* _Assignment_: Set down the whole listing below exactly, without pictures.

* _Collected data_:

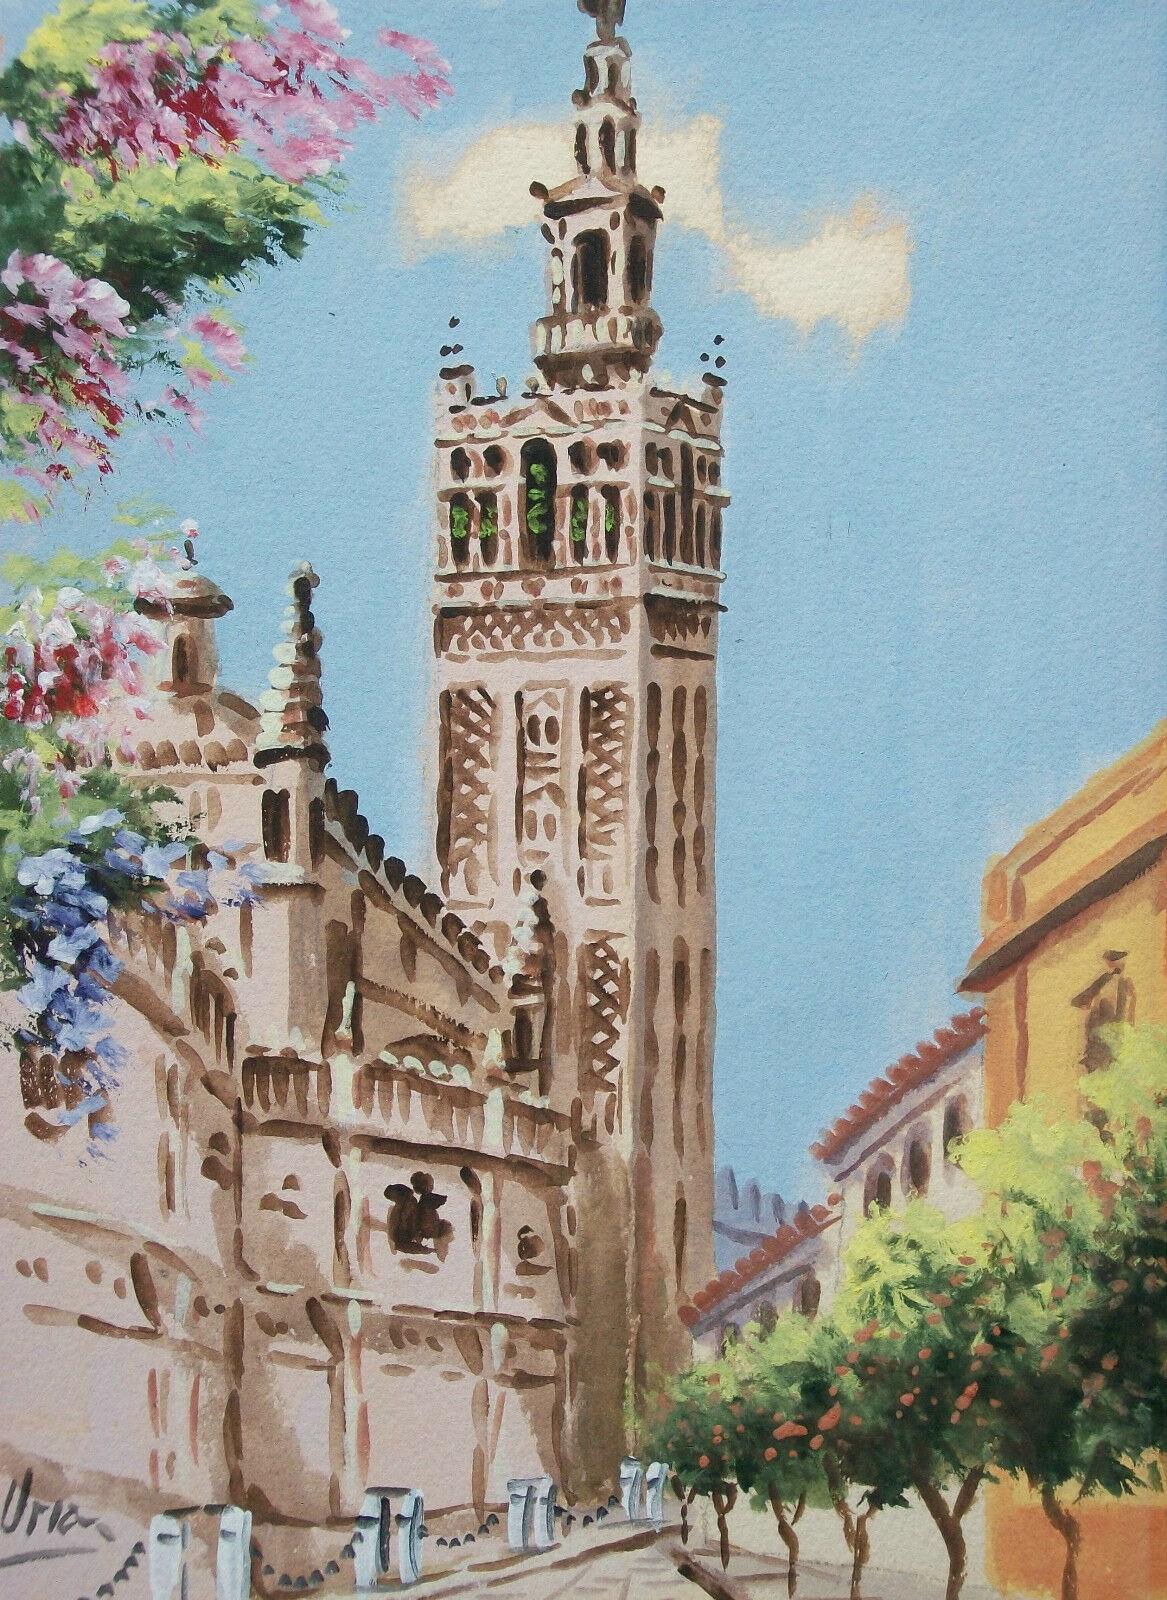 Antonio Uria Monzon (1929-1996) - 'Sevilla' - Peinture à la gouache d'époque sur papier aquarelle GVA-PRO - La cathédrale Santa María de la Sede (plus connue sous le nom de cathédrale de Séville) se détache sur un ciel bleu au printemps - belle
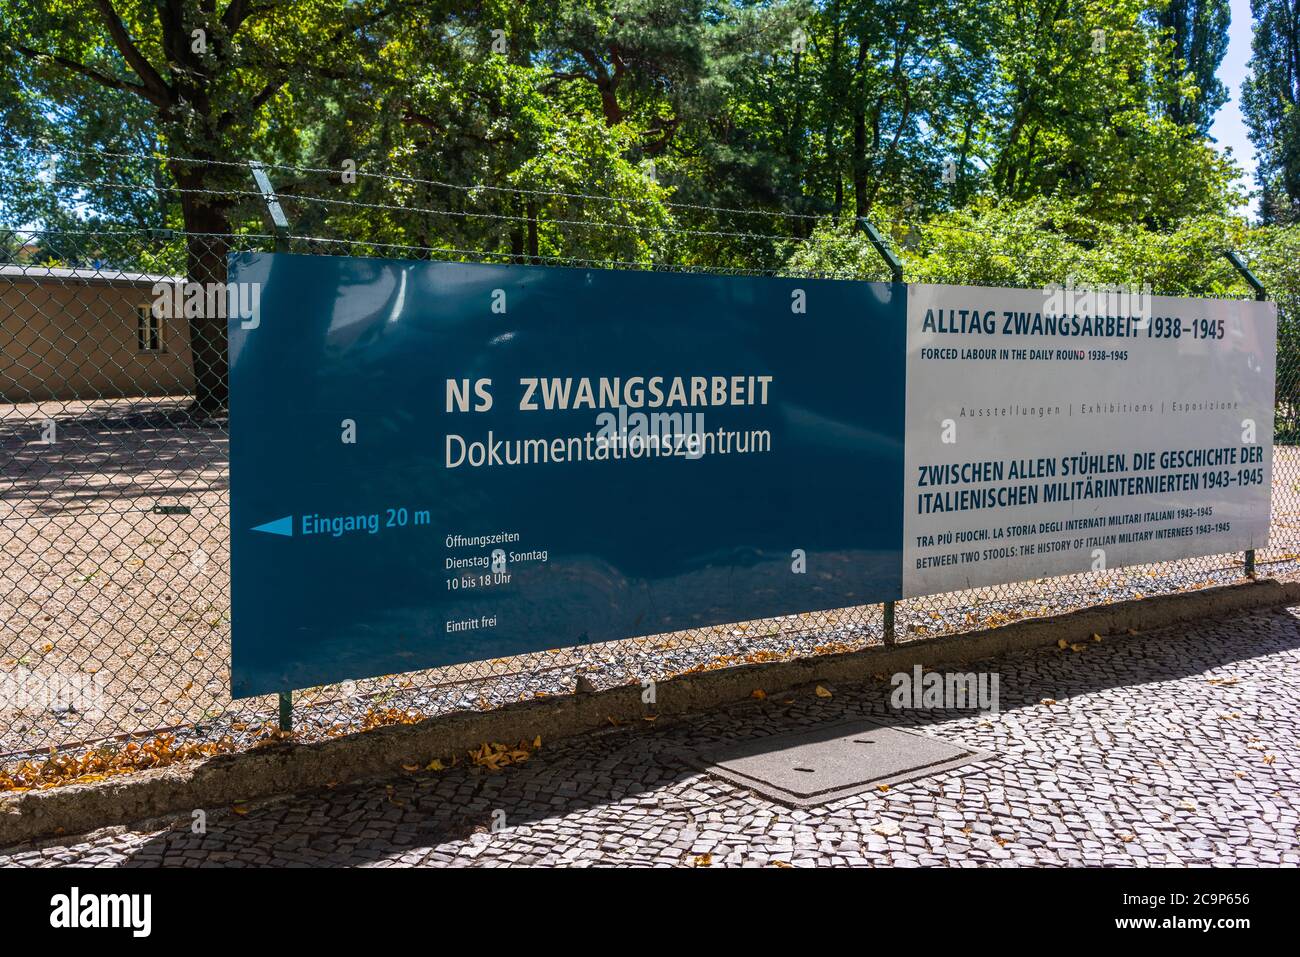 NS Zwangsarbeit Dokumentationszentrum - Centre de documentation du travail forcé à l'époque de l'Allemagne nazie, Berlin Schöneweide, Allemagne Banque D'Images
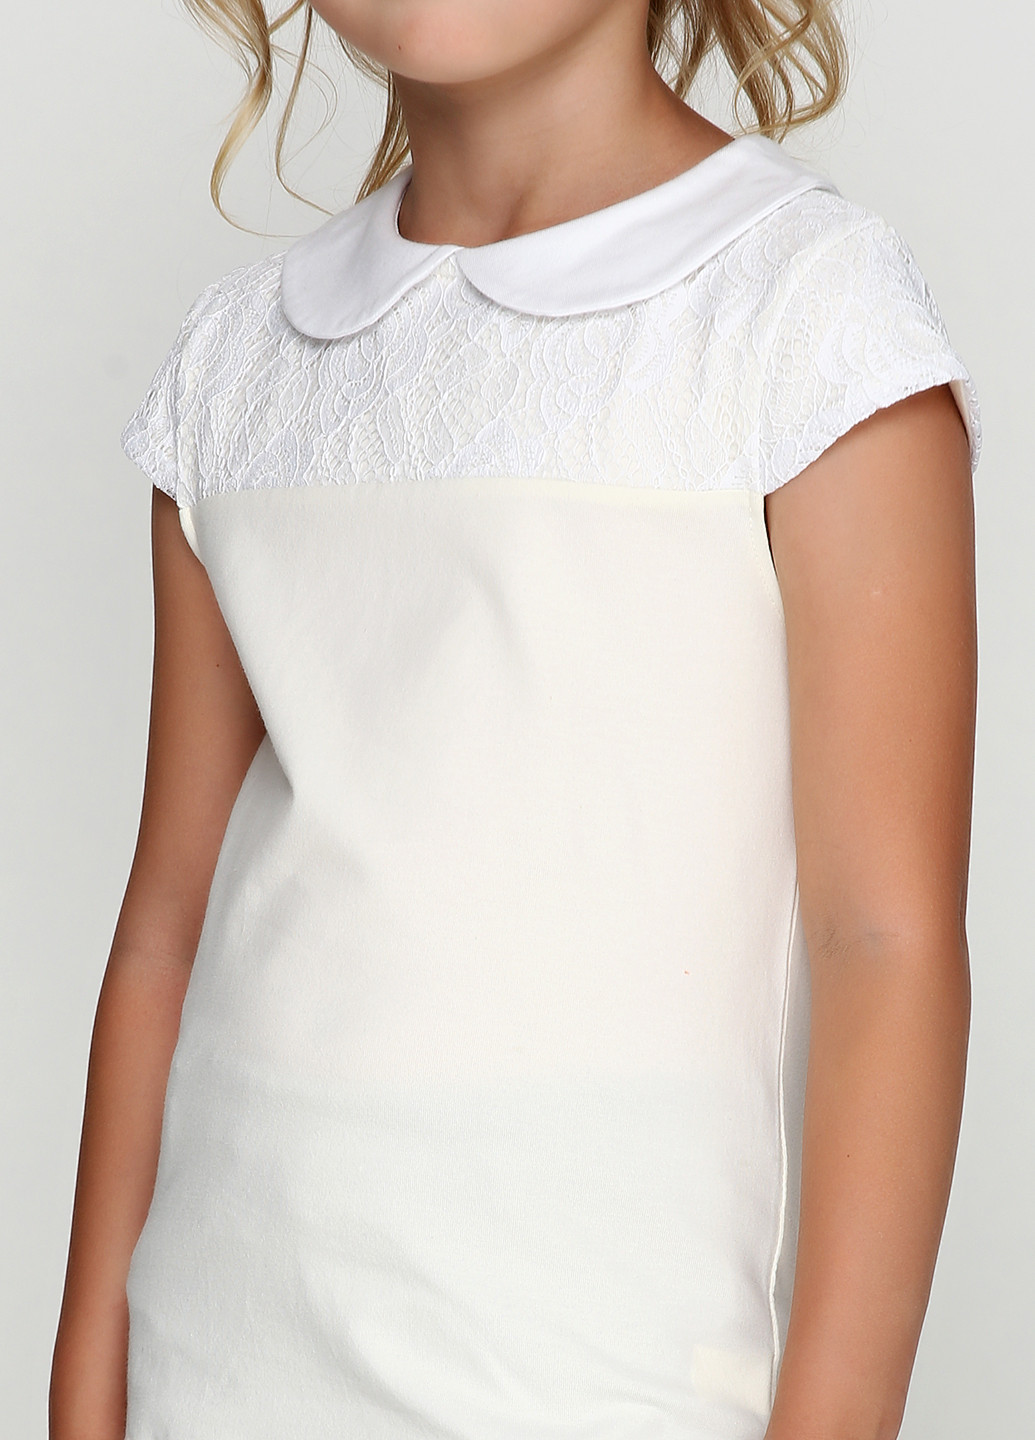 Молочная однотонная блузка с коротким рукавом Vidoli летняя
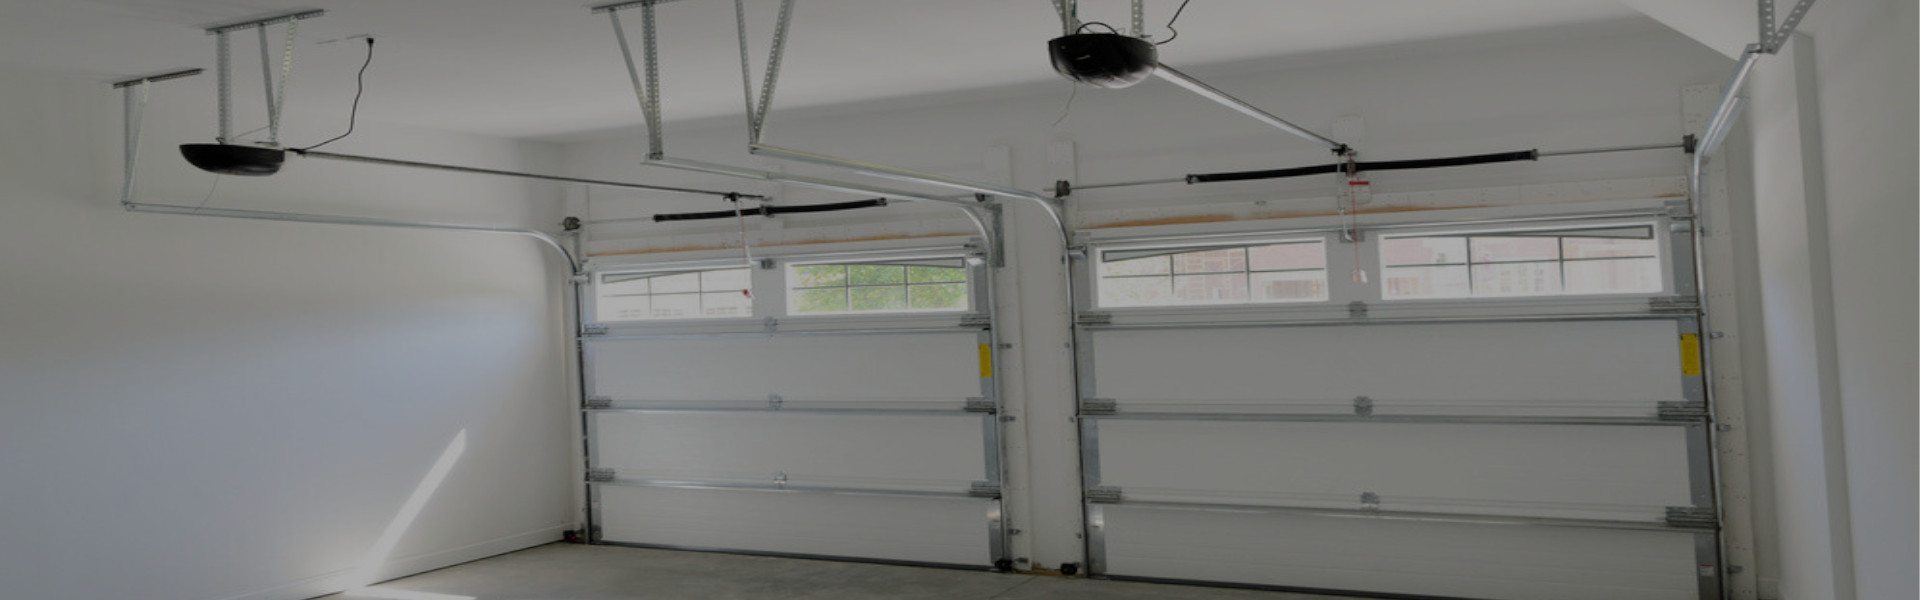 Slider Garage Door Repair, Glaziers in Loughton, High Beach, IG10

* _Your solution_:
 Antonio Uria Monzon (1929-1996) - 'Sevilla' - Peinture à la gouache d'époque sur papier aquarelle GVA-PRO - La cathédrale Santa María de la Sede (plus connue sous le nom de cathédrale de Séville) se détache sur un ciel bleu au printemps - belle
 NS Zwangsarbeit Dokumentationszentrum - Centre de documentation du travail forcé à l'époque de l'Allemagne nazie, Berlin Schöneweide, Allemagne Banque D'Images
 Молочная однотонная блузка с коротким рукавом Vidoli летняя
 Slider Garage Door Repair, Glaziers in Loughton, High Beach, IG10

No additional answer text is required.